Все коллеги смылись во время их дискуссии, оставив Темпл и кота внимать директивам начальства. Даббс повернулся, чтобы уйти, но остановился:

— Лучше спрячь куда-нибудь этого зверя, — сказал он. — Лейтенант Молина заберет тебя через несколько минут.

— Заберет?.. Это звучит, как арест. Или свидание. В чем дело?

Даббс тряхнул головой — один из его начальственных жестов:

— Она спрашивала тебя. Ей нужен кто-то, чтобы поводить ее по павильону и рассказать, кто есть кто на выставке.

— Ни фига себе! Я сама не всех знаю.

— Просто помоги ей. И веди себя прилично.

Темпл села за свой стол и проникновенно заглянула в зеленые глаза, глядящие на нее сквозь решетку.

— Лейтенант сейчас меня утащит, — прошептала она. — Прости, приятель, мне придется снова засунуть тебя в кладовку — это единственное место, куда помещается твой лоток. Вечером куплю лосося, обещаю.

Темпл устраивала Луи в кладовке, когда до ее слуха донеслась тяжелая поступь правосудия. Она бросилась обратно в офис, чтобы найти там лейтенанта Молину, склонившуюся над ее столом.

— Мило, — нарочито холодный тон Молины не содержал ни одной приветливой ноты. Она смотрела на статью на первой странице второй части выпуска. — Звучит так, будто полиции нужна кошачья команда, чтобы обнаружить собственную левую ногу, не говоря уже о мертвом теле. Вы креативная пиарщица, как я погляжу.

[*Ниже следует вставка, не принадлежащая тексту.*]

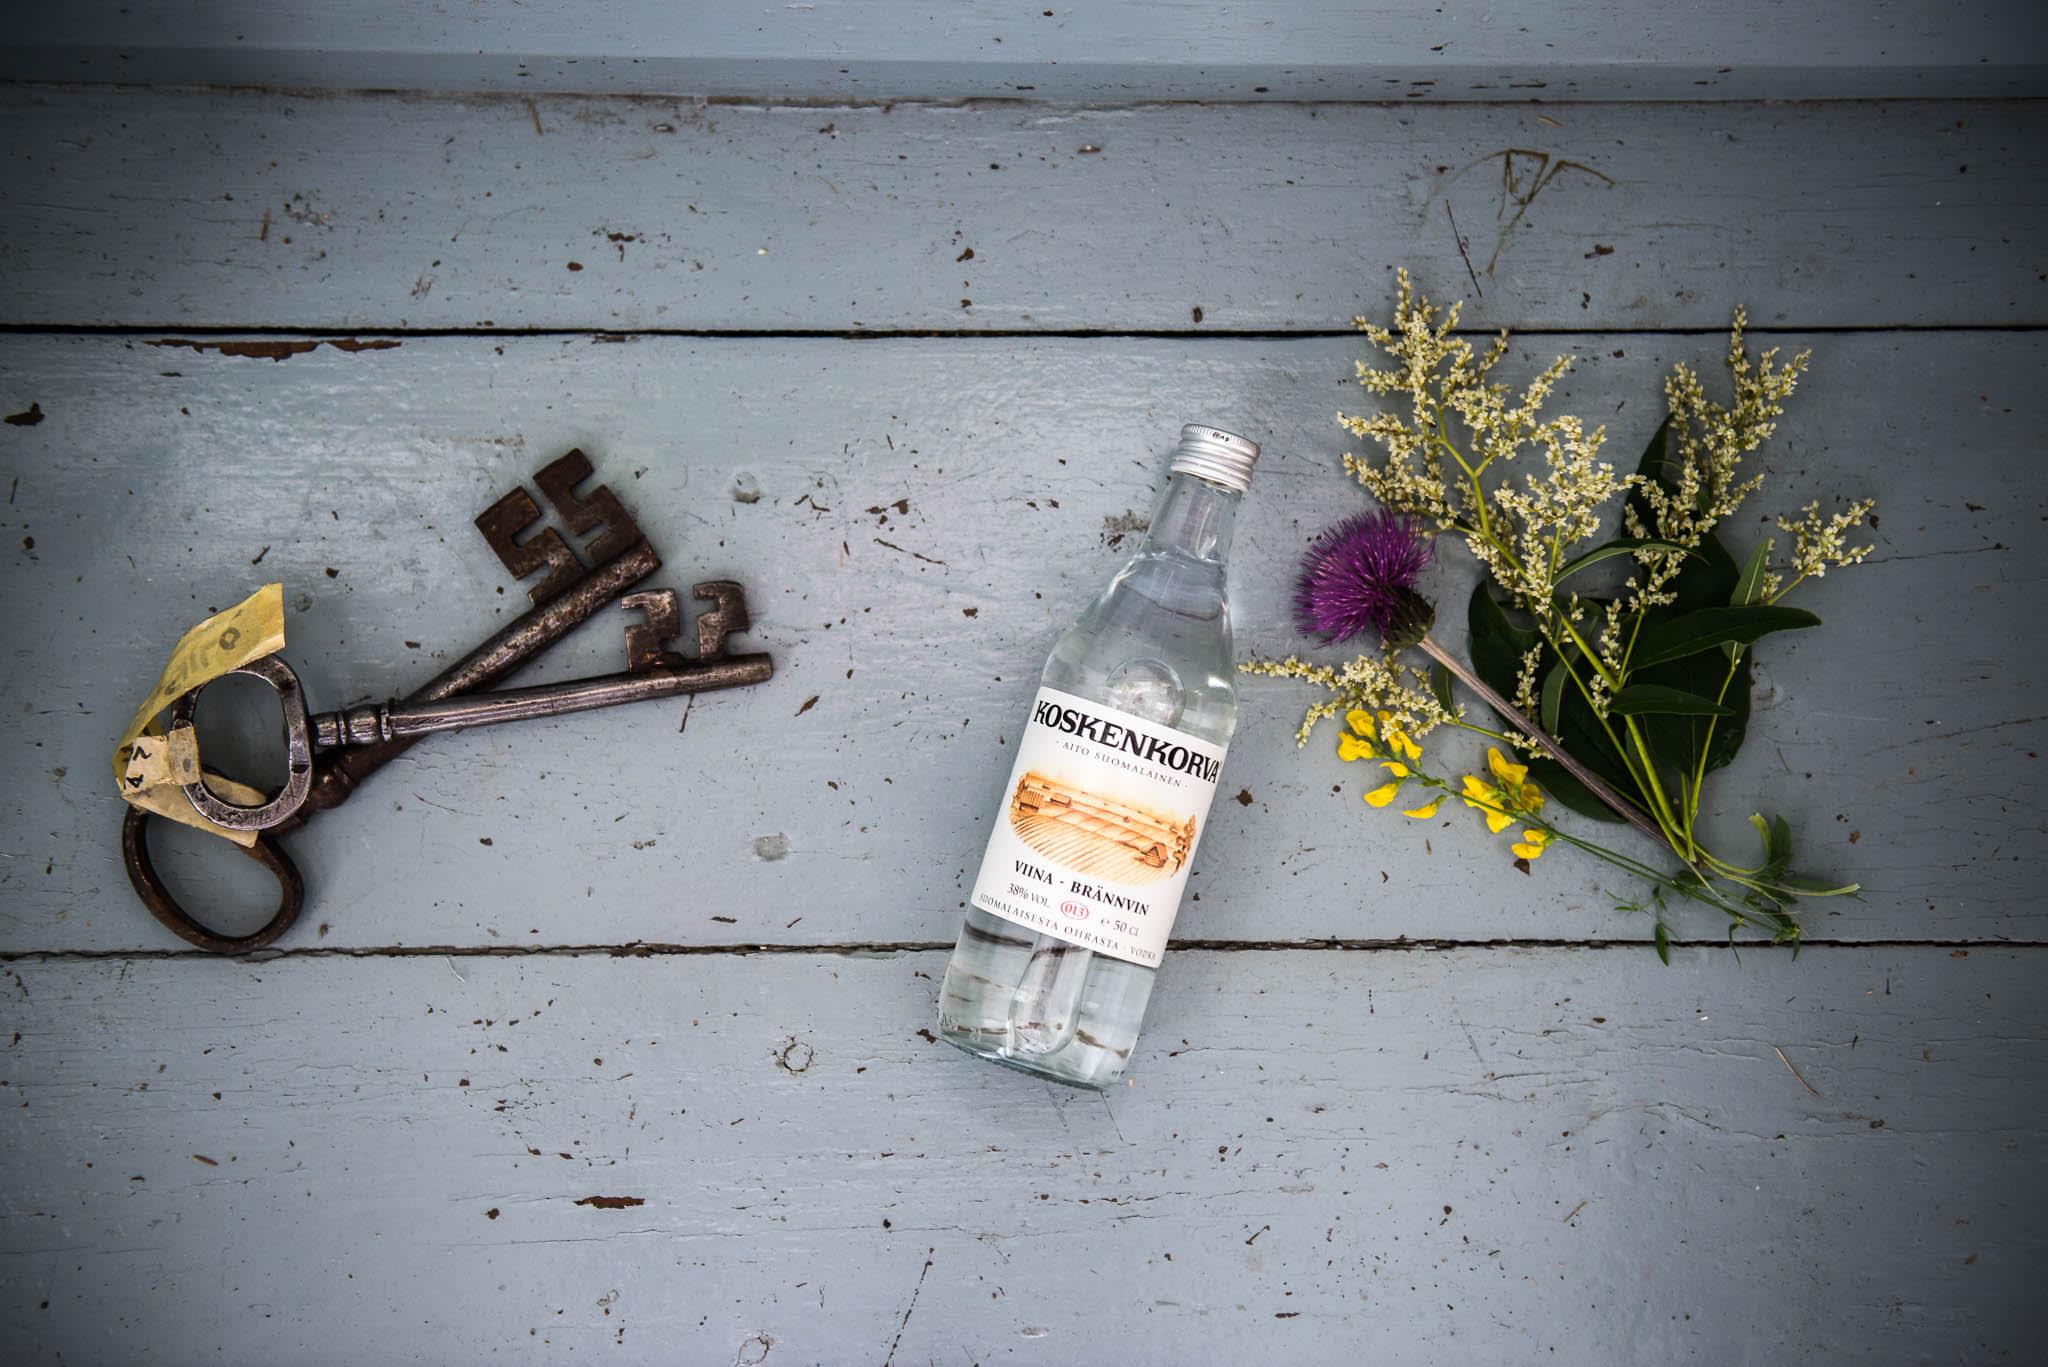 Koskenkorva bottle, old keys and punch of flowers

— Это лучше, чем “Мертвый редактор в Конференц-центре”.

— Выдумки всегда выглядят лучше, чем правда. Вот поэтому многие совершают преступления.

— Эй, что вы на меня смотрите, лейтенант? Я думала, вам нужен экскурсовод, а не подозреваемый!

— Мне известно, что у вас были трения с жертвой.

— Вы что, консультировались с Клаудией Истербрук? Она мне тоже про это напомнила. Да только это смешно — убить кого-то, с кем вы никогда раньше не встречались, и чьего имени даже не знаете.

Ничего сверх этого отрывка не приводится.